A relation between the 2-norm condition number of a matrix $A$ and its eigenvalues is stated as $$ \kappa_2(A) \geq {\max{|\lambda_i(A)|} \over \min {|\lambda_i(A)|} } \tag{1} $$ where $A$ is not necessarily symmetric.
If we take for instance $$ A = \left[ \matrix{ 1 & 2 \cr 3 & 4 \cr} \right], $$ then $$ \kappa_2(A) = 14.9330, \ \max |\lambda_i(A)| = 5.3723, \min |\lambda_i(A)| = 0.3723 $$ and (1) can be verified as $$ {\max |\lambda_i(A)| \over \min |\lambda_i(A)| } = 14.4300 $$
If $A$ is symmetric, then we can use its special properties and in fact, the result (1) holds as an equality.
$$ \kappa_2(A) = {\sigma_\max(A) \over \sigma_\min(A)} = {|\lambda_\max(A)| \over |\lambda_\min(A)|} $$ (for symmetric matrices)
For the general case, how to establish the result (1)?
I attempted a proof using the property that $$ \rho(A) \leq \Vert A \Vert_2 $$ where $\rho(A)$ is the spectral radius of $A$.
This shows that $$ \max|\lambda_i(A)| \leq \Vert A \Vert_2 \tag{2} $$ and next we need to show that $$ {1 \over \min|\lambda_i(A)|} \leq \Vert A^{-1} \Vert_2 $$
We also note that $$ \rho\left( A^{-1} \right) \leq \Vert A^{-1} \Vert_2 $$
As noted in the comments below, the eigenvalues of $A^{-1}$ are the reciprocals of the eigenvalues of $A$.

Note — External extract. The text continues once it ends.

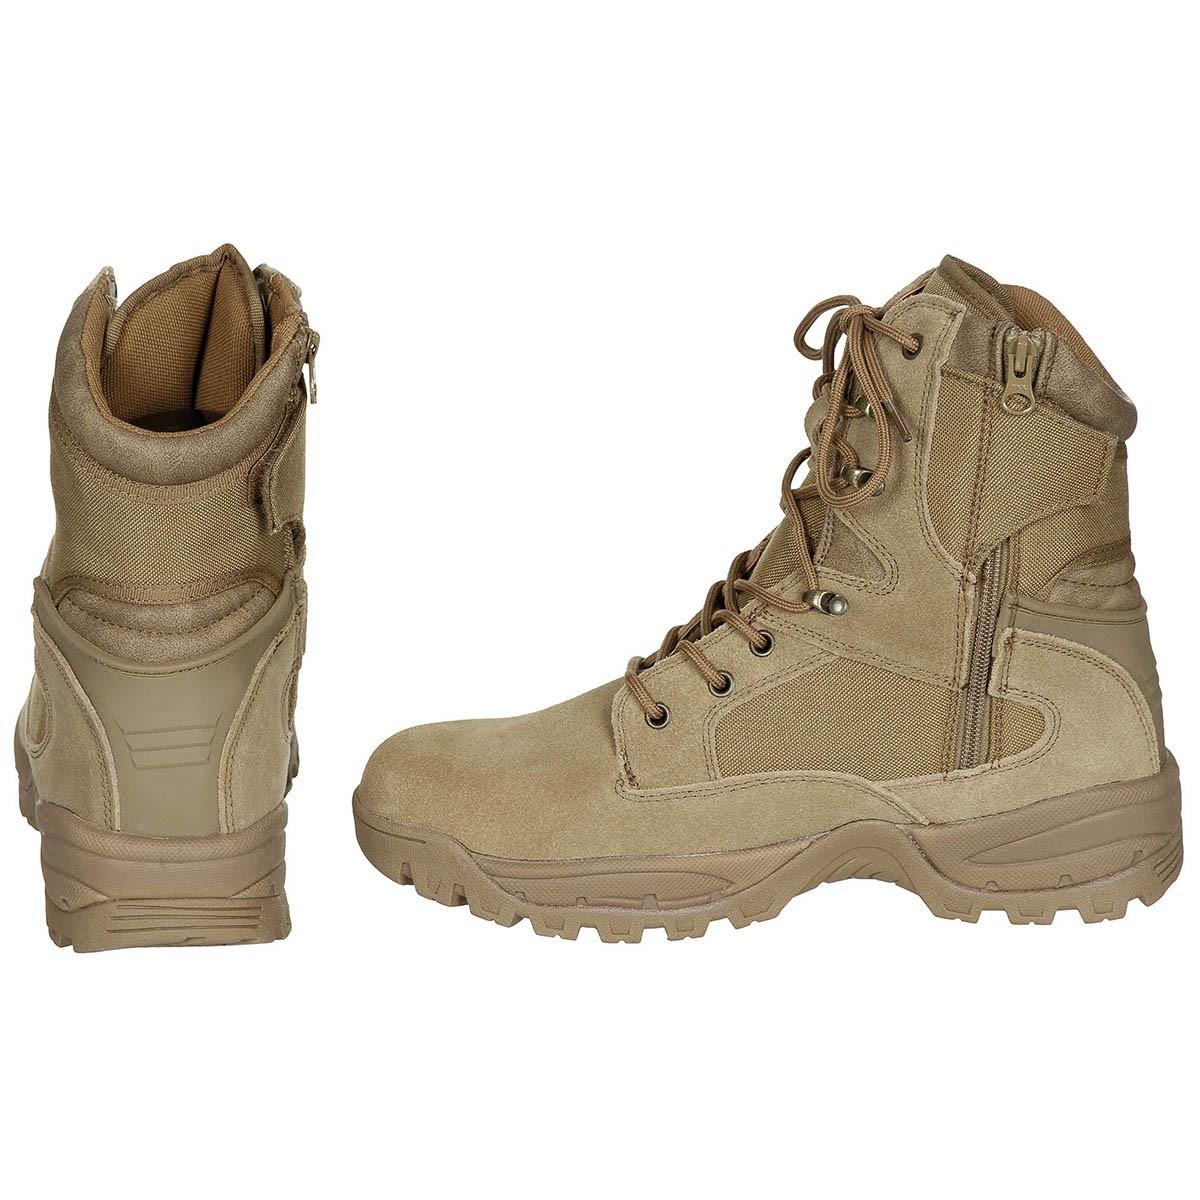 Schuhe Amp Stiefel Shop Im Bw Army Shop Online Kaufen

Hence, it is immediate that $$ {1 \over \min{ | \lambda_i(A) |}} = \rho\left( A^{-1} \right) \leq \Vert A^{-1} \Vert_2 \tag{3} $$
Combining (2) and (3), the result (1) follows, viz.
$$ {\max |\lambda_i(A)| \over \min |\lambda_i(A)|} \leq \kappa_2(A) $$
In fact, this result holds true for the condition number of $A$ ($\kappa(A)$) with respect to any operator norm of $A$, since $\rho(A) \leq \Vert A \Vert$ for any operator norm.